- Born: March 18, 1909 Philadelphia, Pennsylvania, U.S.
- Died: May 10, 1975 (aged 66) Boston, Massachusetts, U.S.
- Resting place: Puritan Lawn Memorial Park, Peabody, Massachusetts
- Education: Tufts College
- Occupation: Sportswriter
- Years active: 1933–1973
- Employer(s): Boston Evening Transcript (1933–1941) The Boston Globe (1941–1973)
- Known for: Coverage of the Boston Braves and Boston Red Sox
- Spouse: Alayne
- Awards: J. G. Taylor Spink Award (1976)

= Harold Kaese =

American sportswriter

Harold William Kaese (March 8, 1909 – May 10, 1975) was an American sports writer, best known for covering Major League Baseball in Boston, Massachusetts.

==Biography==
Kaese was born in 1909 in Philadelphia, grew up in Lynn, Massachusetts, and graduated from Lynn English High School where he excelled at basketball and baseball. He graduated magna cum laude from Tufts College in 1933, where he was a member of the Phi Kappa Phi fraternity. During the 1940s to 1960s, he won several squash championships at the state and national levels.

Kaese worked for the Boston Evening Transcript from 1933 to 1941, and then for The Boston Globe until 1973. He covered both the Boston Braves and the Boston Red Sox of Major League Baseball (MLB), retiring after the 1973 World Series. His writing was also published in various periodicals, including The Saturday Evening Post, The New York Times Magazine, and Sports Illustrated. He wrote a book on the history of Boston's National League team, entitled The Boston Braves, 1871–1953.

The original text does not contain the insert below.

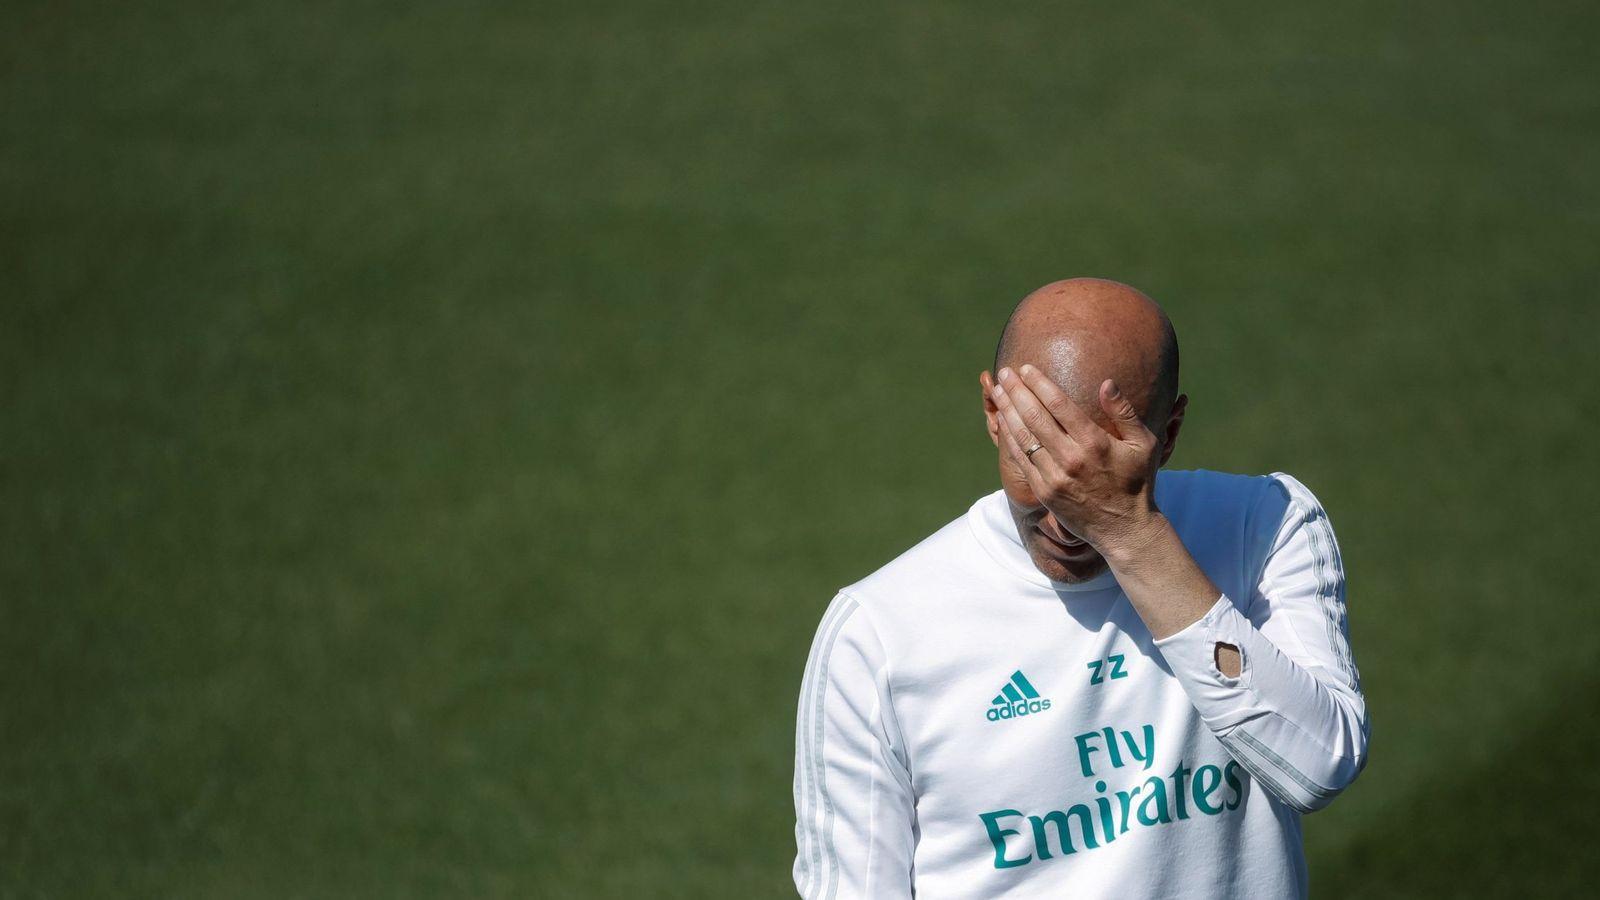 Foto: Zidane se tapa los ojos durante un entrenamiento del Real Madrid esta temporada. (EFE)

Kaese died at Massachusetts General Hospital in Boston on May 10, 1975; he had checked in to the hospital the day before, complaining of chest pains. He was survived by his wife. His funeral was attended by representatives of The Boston Globe, Boston Red Sox, Boston Bruins, and The Jimmy Fund; he was buried in Peabody, Massachusetts.

Kaese was honored (along with Red Smith) with the J. G. Taylor Spink Award by the Baseball Writers' Association of America (BBWAA) in December 1976.